You can see these decisions being made by passing -gcflags=-m
to go build
:
$ go build -gcflags=-m *.go 2>&1 | grep codeowners.go
./codeowners.go:82:18: inlining call to os.IsNotExist
./codeowners.go:71:28: inlining call to filepath.Join
./codeowners.go:52:19: inlining call to os.Open
./codeowners.go:131:6: can inline Rule.Match
./codeowners.go:108:27: inlining call to Rule.Match
./codeowners.go:126:6: can inline Rule.RawPattern
./codeowners.go:155:6: can inline Owner.String
./codeowners.go:92:29: ... argument does not escape
./codeowners.go:96:33: string(output) escapes to heap
./codeowners.go:80:17: leaking param: path
./codeowners.go:70:31: []string{...} does not escape
./codeowners.go:71:28: ... argument does not escape
./codeowners.go:51:15: leaking param: path
./codeowners.go:105:7: leaking param content: r
./codeowners.go:105:24: leaking param: path
./codeowners.go:107:3: moved to heap: rule
./codeowners.go:126:7: leaking param: r to result ~r0 level=0
./codeowners.go:131:7: leaking param: r
./codeowners.go:131:21: leaking param: path
./codeowners.go:155:7: leaking param: o to result ~r0 level=0
./codeowners.go:159:13: "@" + o.Value escapes to heap
The output is a little noisy, but you can ignore most of it.

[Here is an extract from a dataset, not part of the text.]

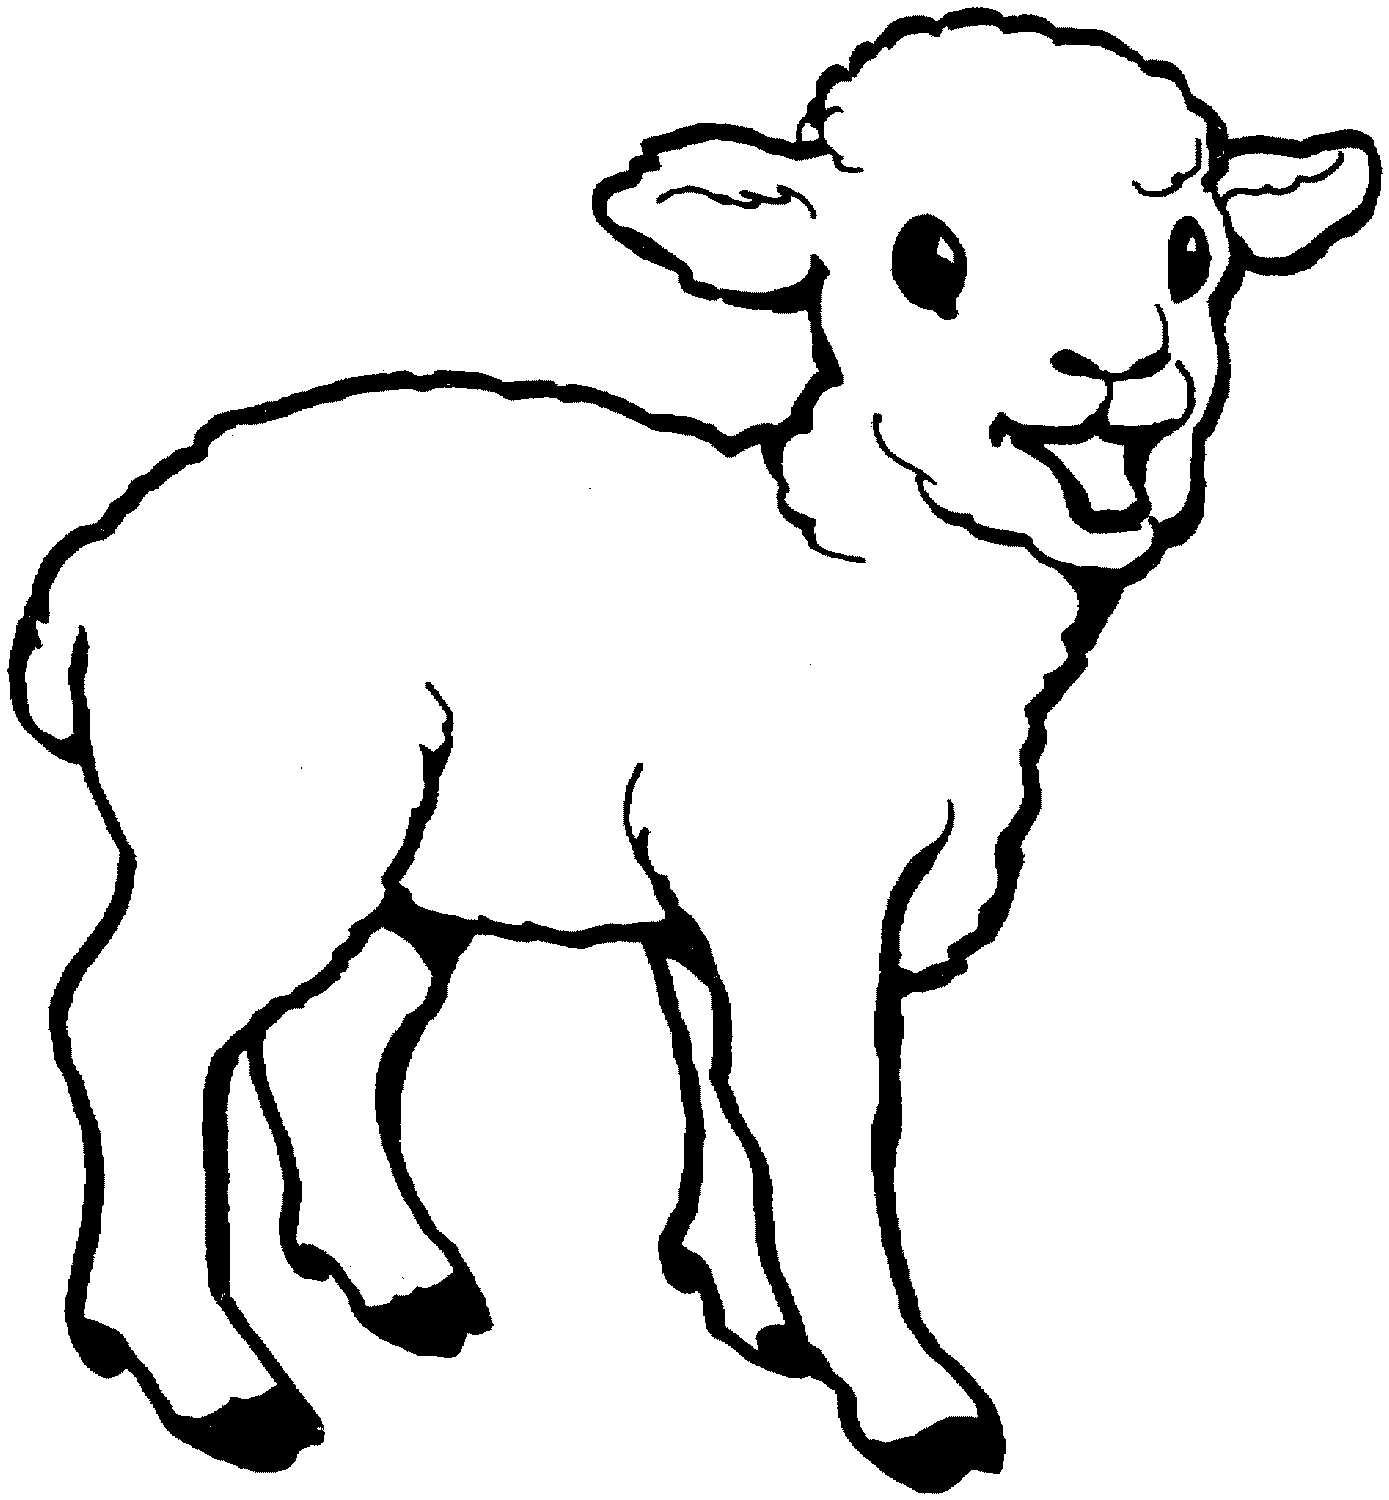 Coloring pages of sheep and

As we’re looking for allocations, “moved to heap
” is the phrase we should be concerned about. Looking back at the Match
code above, the Rule
structs are stored within the Ruleset
slice, which we can be confident is already on the heap. And as a pointer to the rule is returned, no extra allocation should be necessary.

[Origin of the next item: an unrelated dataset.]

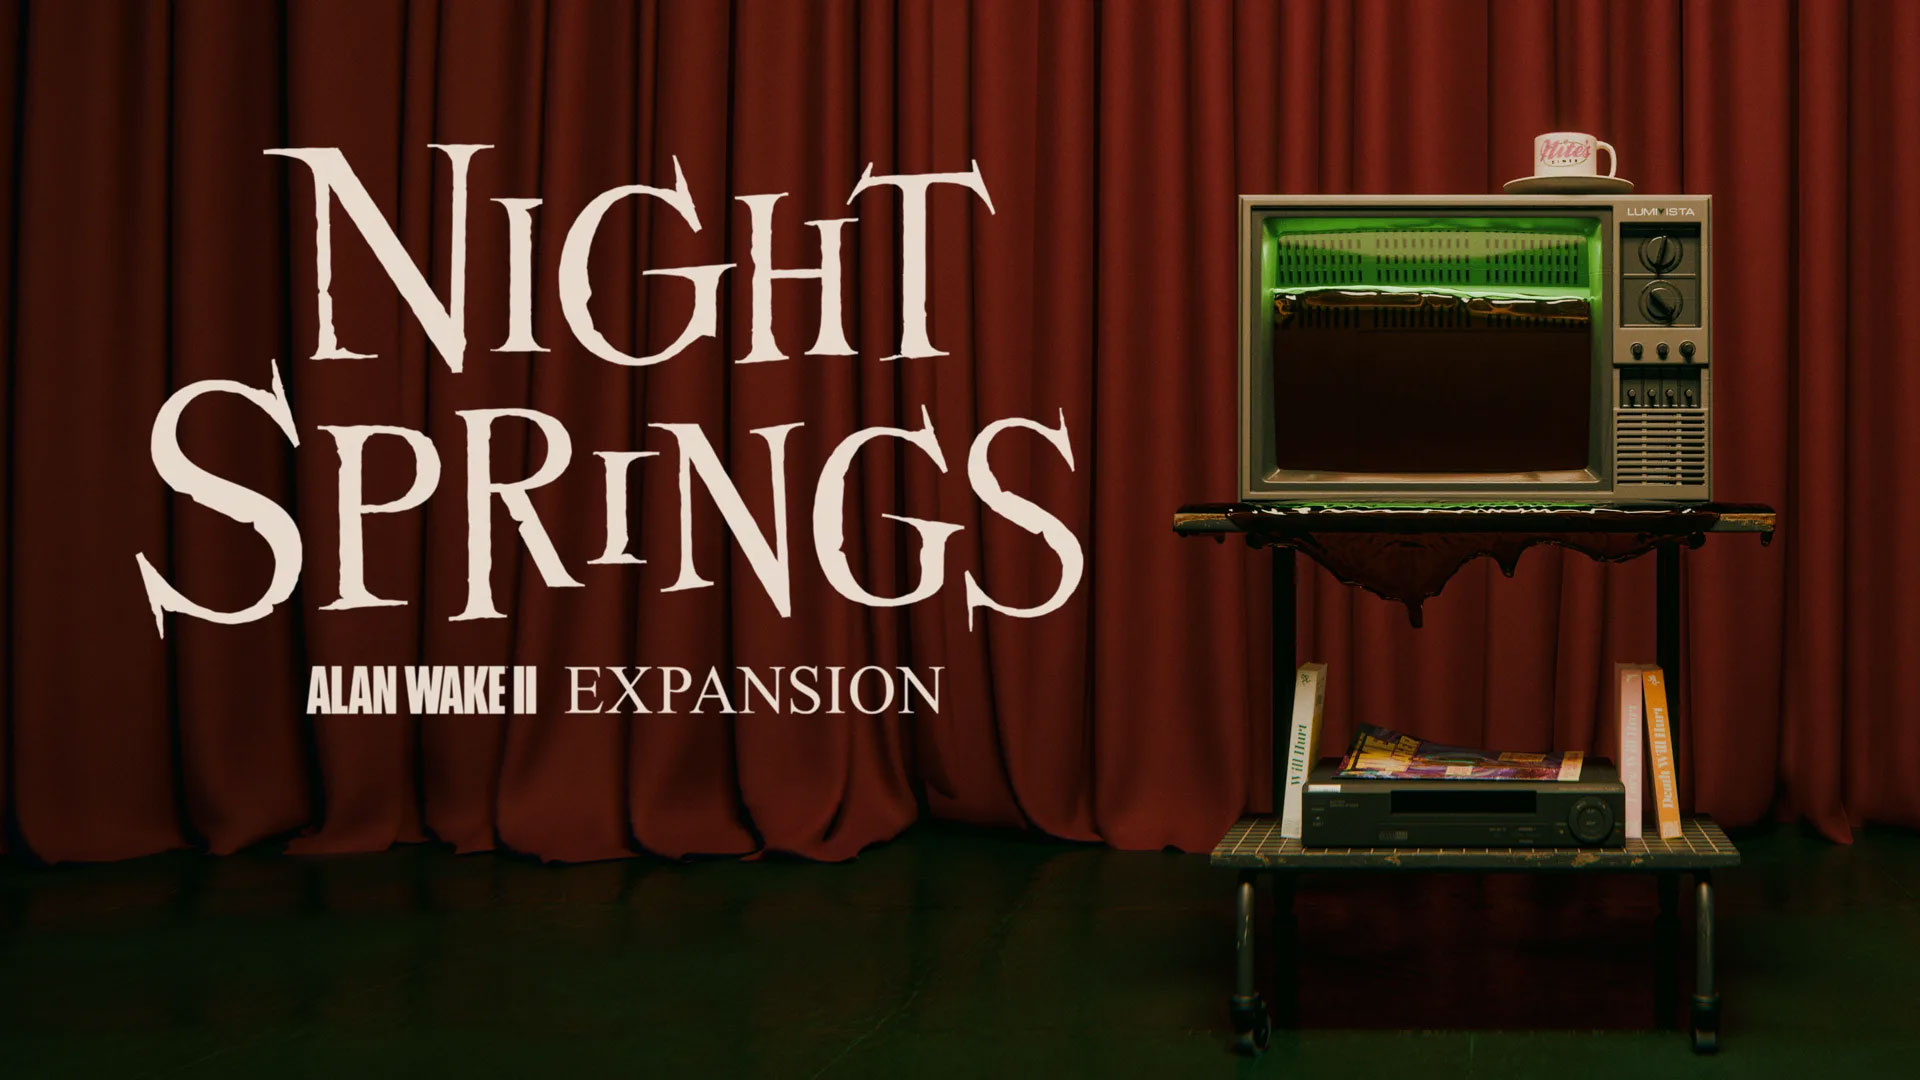 Night Springs launches tomorrow, June 8

Then I saw it—by assigning rule := r[i]
, we copy the heap allocated Rule
out of the slice onto the stack, then by returning &rule
we create an (escaping) pointer to the copy of the struct. Fortunately, fixing this is easy. We just need to move the ampersand up a bit so we take a reference to the struct in the slice rather than copying it:
func (r Ruleset) Match(path string) (*Rule, error) {
for i := len(r) - 1; i >= 0; i-- {
- rule := r[i]
+ rule := &r[i]
match, err := rule.Match(path)
if match || err != nil {
- return &rule, err
+ return rule, err
}
}
return nil, nil
}
I did consider two other approaches:
- Changing
Ruleset
from being[]Rule
to[]*Rule
, which would mean we no longer need to explicitly take a reference to the rule. - Returning a
Rule
rather than a*Rule
. This would still copy theRule
, but it should stay on the stack instead of moving to the heap.
However, both of these would have resulted in a breaking change as this method is part of the public API.
Anyway, after making that change we can see if it had the desired effect by getting a new trace from the compiler and comparing it to the old one:
$ diff trace-a trace-b
14a15
> ./codeowners.go:105:7: leaking param: r to result ~r0 level=0
16d16
< ./codeowners.go:107:3: moved to heap: rule
Success! The allocation is gone. Now let’s see how removing that one heap allocation affects performance:
$ hyperfine ./codeowners-a ./codeowners-b
Benchmark 1: ./codeowners-a
Time (mean ± σ): 4.146 s ± 0.003 s [User: 5.809 s, System: 0.249 s]
Range (min … max): 4.139 s … 4.149 s 10 runs
Benchmark 2: ./codeowners-b
Time (mean ± σ): 2.435 s ± 0.029 s [User: 2.424 s, System: 0.026 s]
Range (min … max): 2.413 s … 2.516 s 10 runs
Summary
./codeowners-b ran
1.70 ± 0.02 times faster than ./codeowners-a
As that allocation was happening for every single path that was being matched against, removing it got a 1.7x speedup in this instance. Not bad for a one character change.